Herbert napisał(a):Jesli wolno mi dodac swoich pieciu groszy: W sytuacjach RZEKOMYCH sprzecznosci w Biblii zawsze nalezy wnioskowac z ducha calosci (z Ducha, a nie tylko z litery pojedynczych wersetow).
Herbert, nie podaję fragmenty aby zaprzeczyć innym, taką hermeneutykę stosują sekty. Moim celem raczej jest pokazanie, że nasze tezy teologiczne, a szczególnie takie jednoznaczne mogą zawierać braki, chociażby z tego powodu że nie uwzględniają całości Objawienia Bożego.

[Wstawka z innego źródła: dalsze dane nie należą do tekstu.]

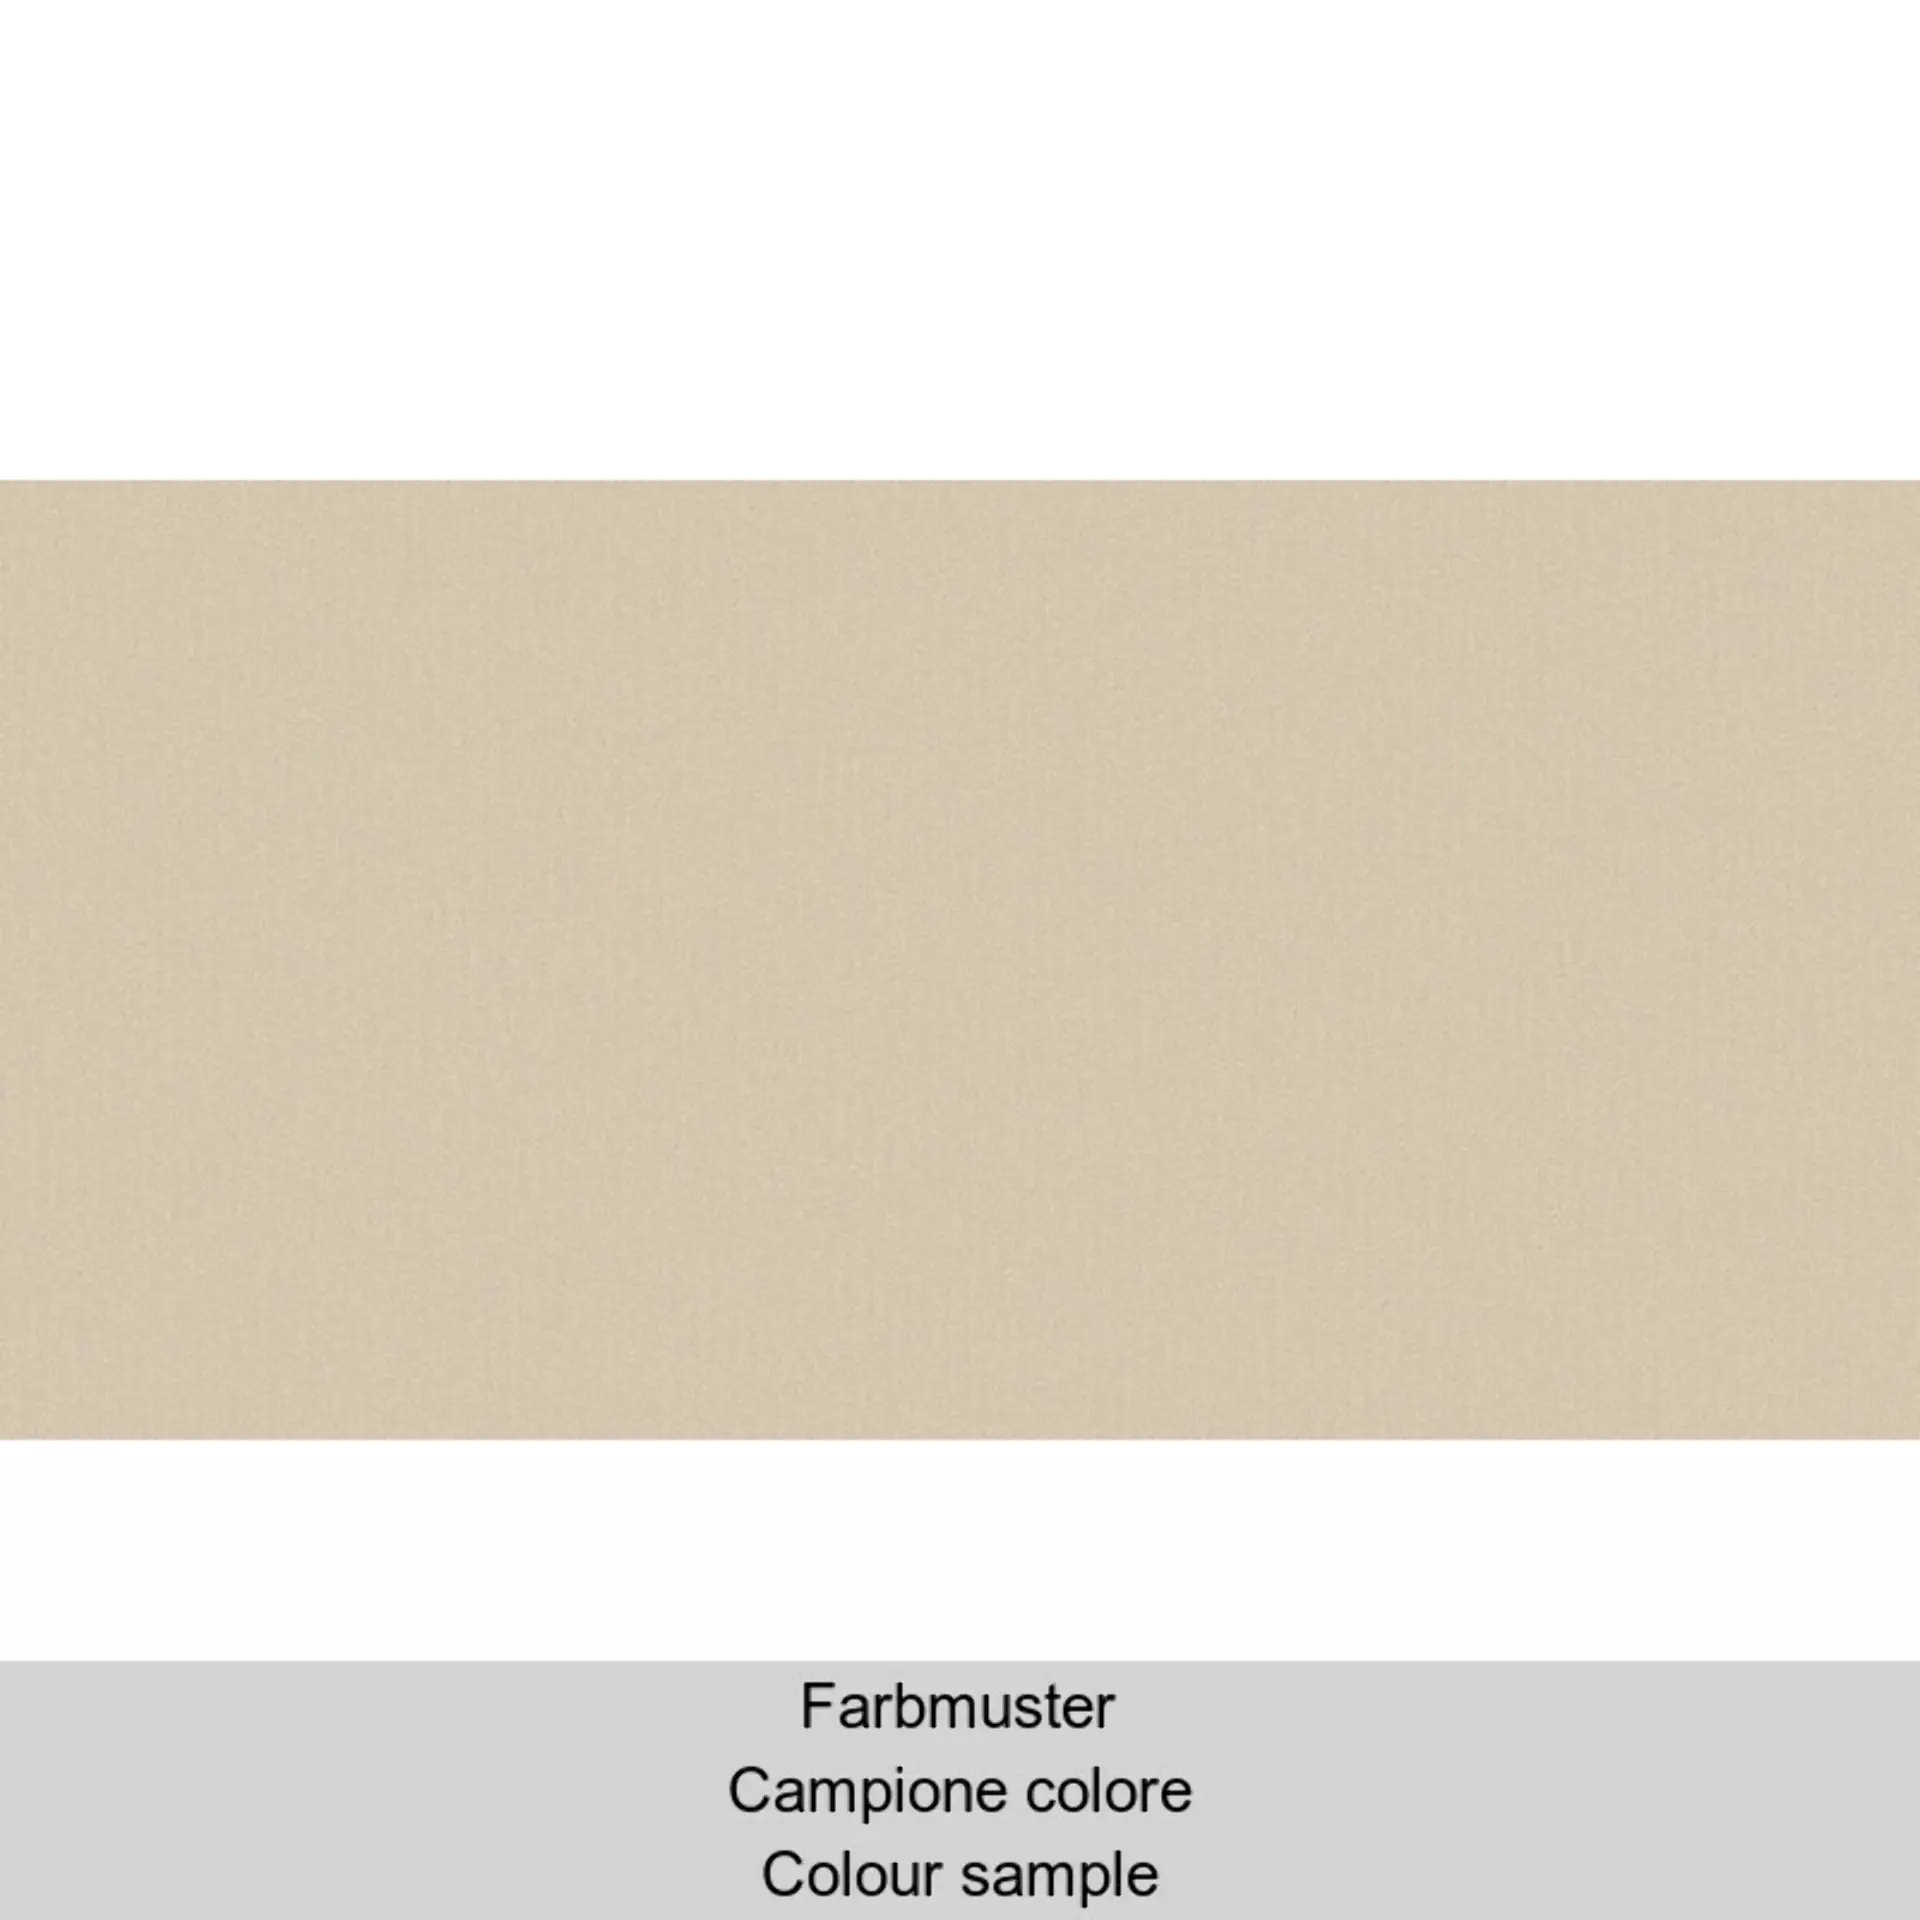 Casalgrande Architecture Dark Ivory Naturale – Matt 4790156 30x60cm rectified 9,4mm

Spieszę też uspokoić. Dla mnie osobiście wystarczające jest to jeśli chrześcijanie będą wierzyć zgodnie z konfesją Augsburską lub Formułą Zgody. Jednak tezy podające w tym wątku narzucają większe ograniczenia niż wspomniane konfesje.

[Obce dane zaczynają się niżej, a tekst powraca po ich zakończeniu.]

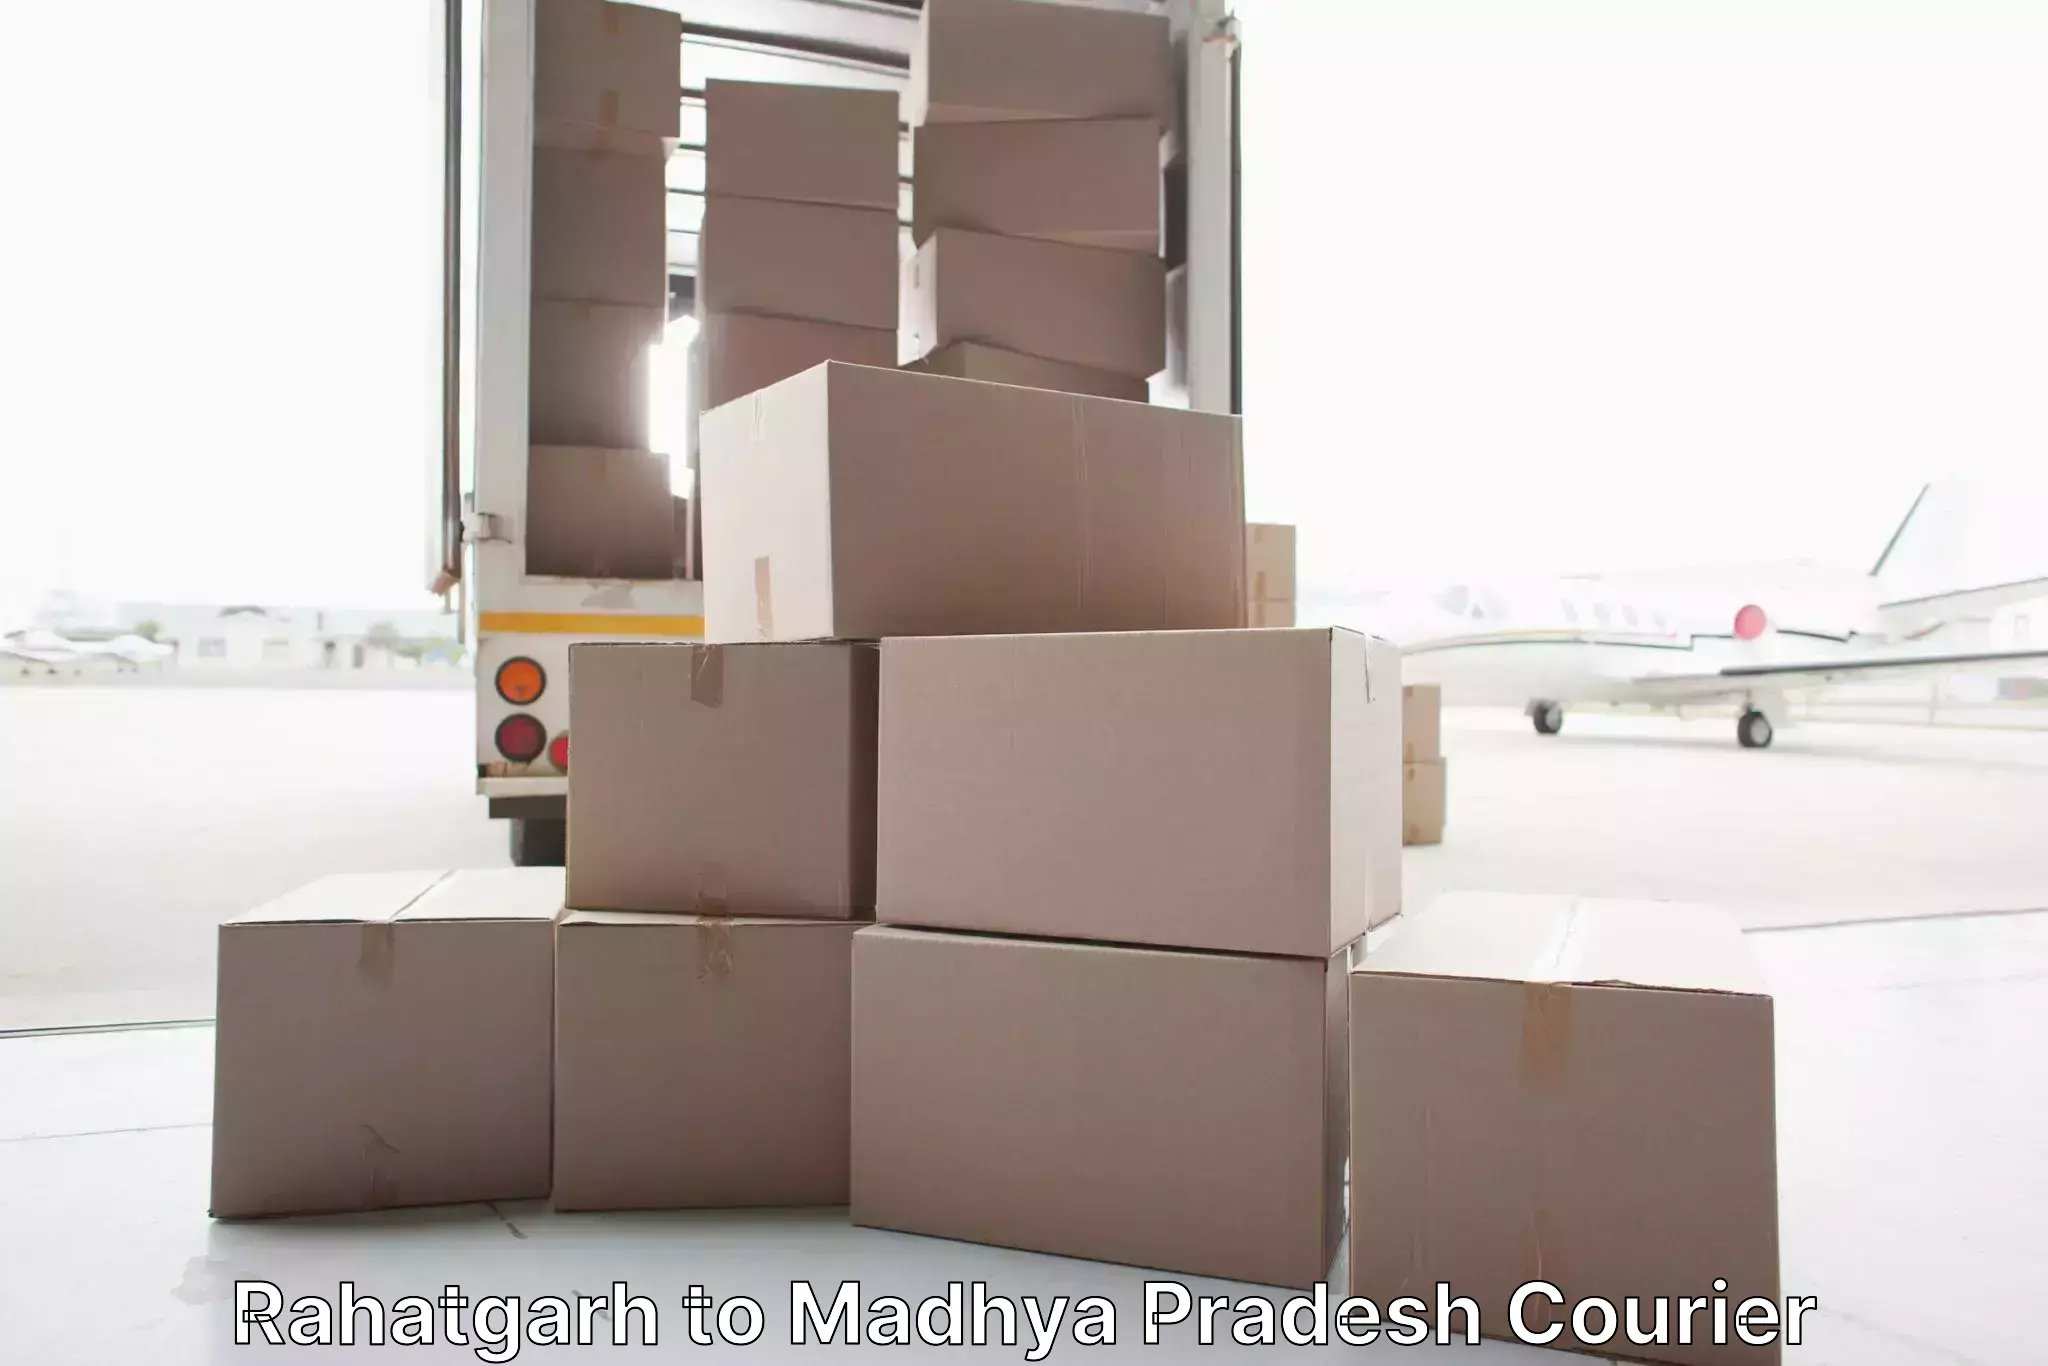 Budget-friendly movers Rahatgarh to Nainpur

Autorzy Formuły Zgody dosyć mądrze rozpoczęli artykuł o wybraniu ze wskazania ograniczeń oraz ram/zasad hermeneutycznych, które należy stosować do tego aby wyjaśnić doktrynę.
Pierwsza już Herbert wspomniał. Jest nim tekst z 1 Tymoteusza.
Więcej napiszę odpowiadając Winstonowi.